Factorization Machine on AWS: The best algorithm for recommender systems
Item Recommendation with Explicit Feedback Data
by Mariela Bisso, Data Scientist
This post shows end-to-end how SageMaker’s built-in Factorization Machine algorithm works using the MovieLens dataset (F. Maxwell Harper y Joseph A. Konstan. 2015. Los conjuntos de datos de MovieLens: historia y contexto.
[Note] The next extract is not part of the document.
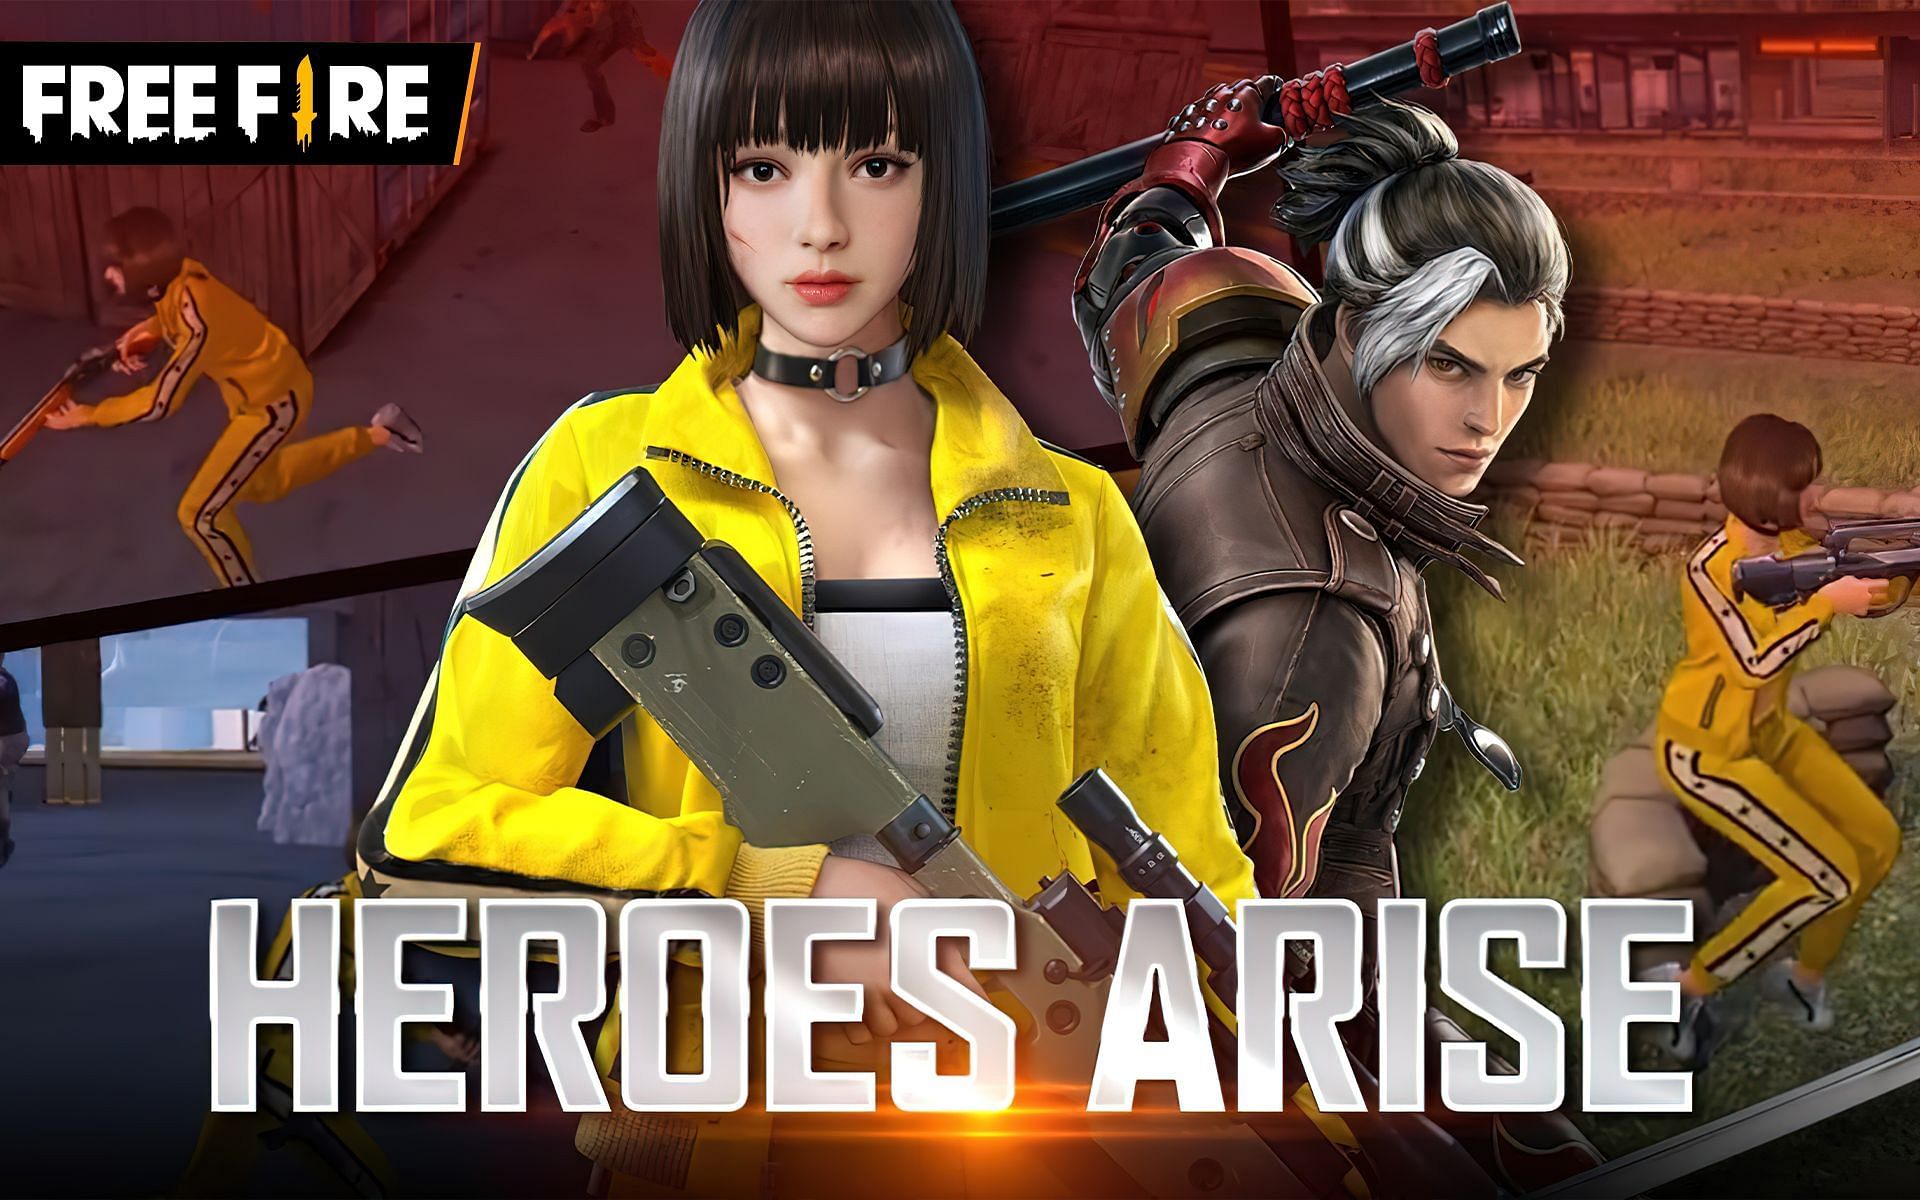 Free Fire Heroes Arise features (Image via Garena)

Transacciones ACM en sistemas inteligentes interactivos (TiiS) 5, 4: 19: 1–19: 19. https://doi.org/10.1145/2827872).
To download the dataset or for more information see the following link. If you already know the details of the algorithm and its history, you can skip the first part and jump right on the implementation below. (SageMaker Studio)
Recommendation systems are based on modeling the preferences of the users on the items based on their past interactions (for example, ratings or clicks) and on past interactions of “similar” users, which is also known as a recommendation system based on collaborative filtering.
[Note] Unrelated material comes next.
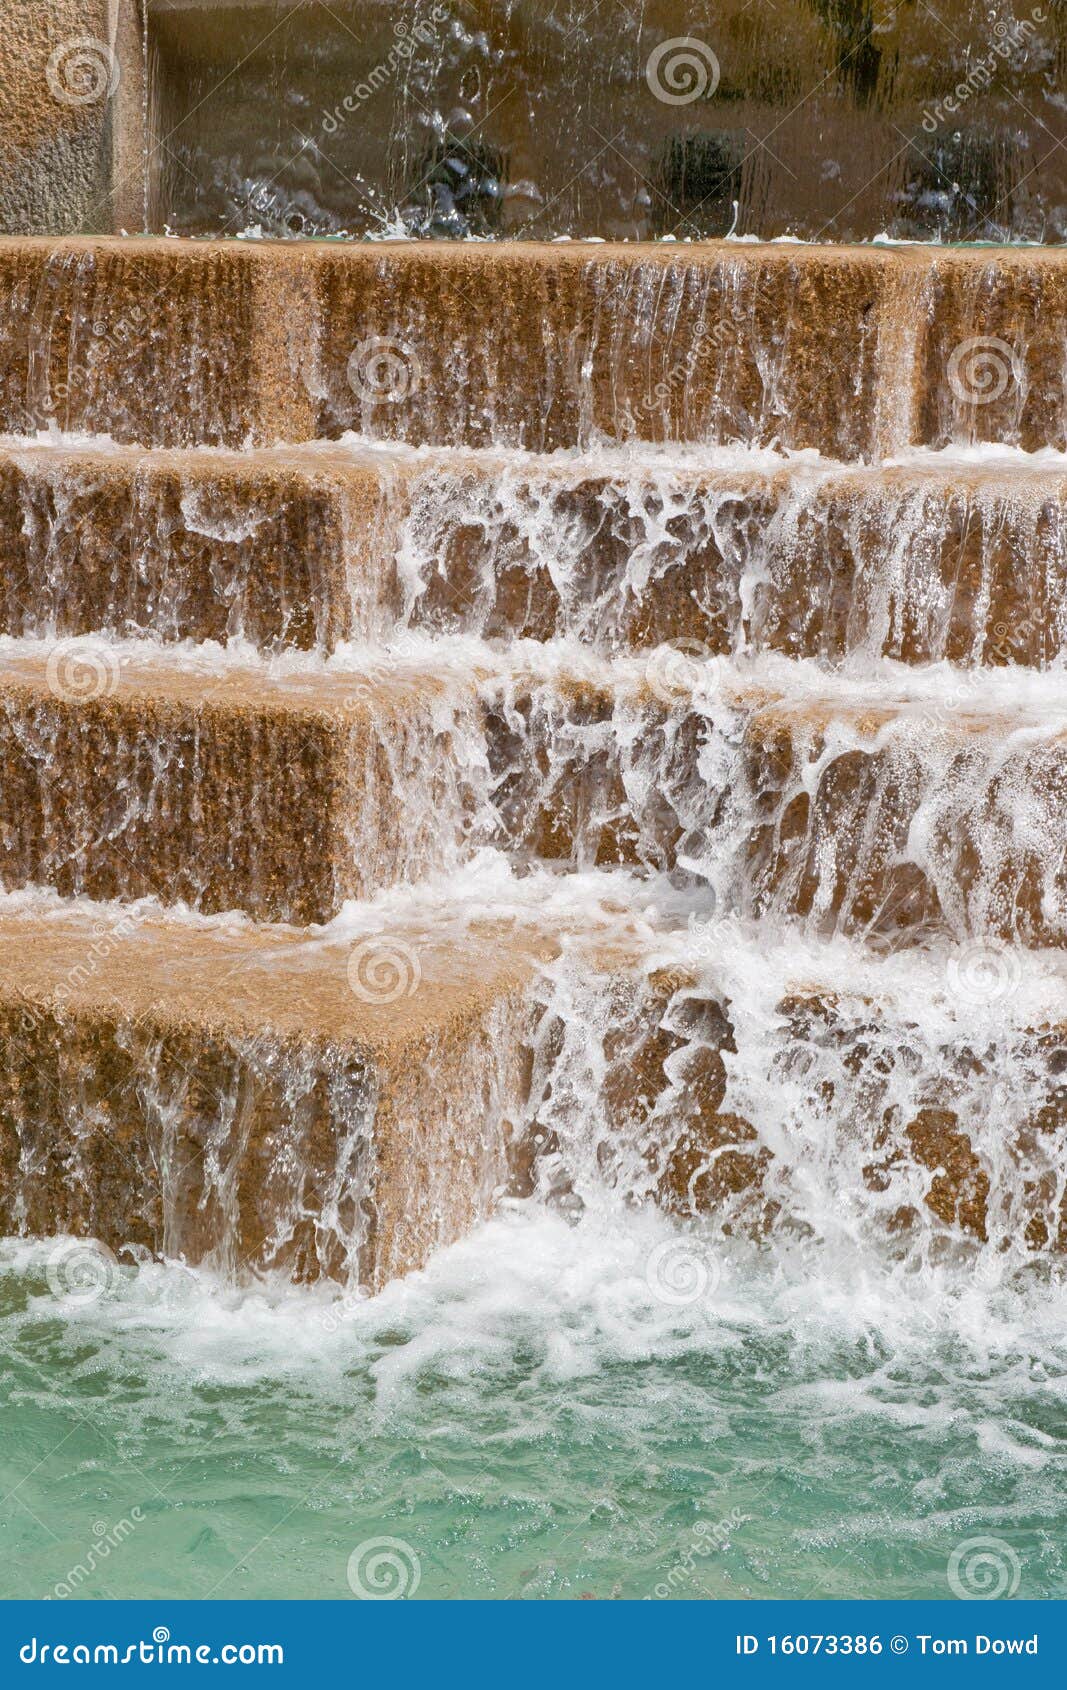 waterfall feature

There are two main approaches to the recommendation system: Explicit feedback and implicit feedback. Explicit feedback usually appears as a rating, on a scale between 1 to 5, with 1 being bad and 5 being excellent. On the other hand, the implicit feedback could be, for instance, the number of clicks that a user made on a web page or the number of transactions in electronic commerce. The difference between both kinds of feedback is that in the explicit case, the user says what things he does not like, while implicit feedback does not necessarily entail that if a user does not buy a certain item it means he does not like the item.
Let’s start by talking about some algorithms or techniques for these types of problems.
Matrix Factorization (MF)
There are many different collaborative filtering techniques, matrix factorization (MF) being one of the most widely used. It projects users and elements into a shared latent space, using a vector of latent characteristics to represent a user or an element. Thus, user interaction with an item is modeled as the inner product of its latent vectors.
But let’s start from the very beginning, and suppose that we have 4 users and 5 movies as shown in the previous image, each row represents a user and each column represents an item or movie, we can think the checks, to simplify, as a binary variable 0–1 where the 1 represents that the user is interested in the movie.
Let’s briefly explain what we mean by latent characteristics. Imagine that we have two variables that somehow separate both movies and users, these are: what audience they are intended for (boys-adults) and the budget used for their filming (blockbuster- arthouse). We can think that each user has certain preferences for each of these characteristics and we measure them between the interval [-1,1] and we do the same for each of the films, we put a weight also between [-1; 1], we can then estimate a user’s preference for a movie by multiplying the weights found for the user and the movie within the space of latent factors.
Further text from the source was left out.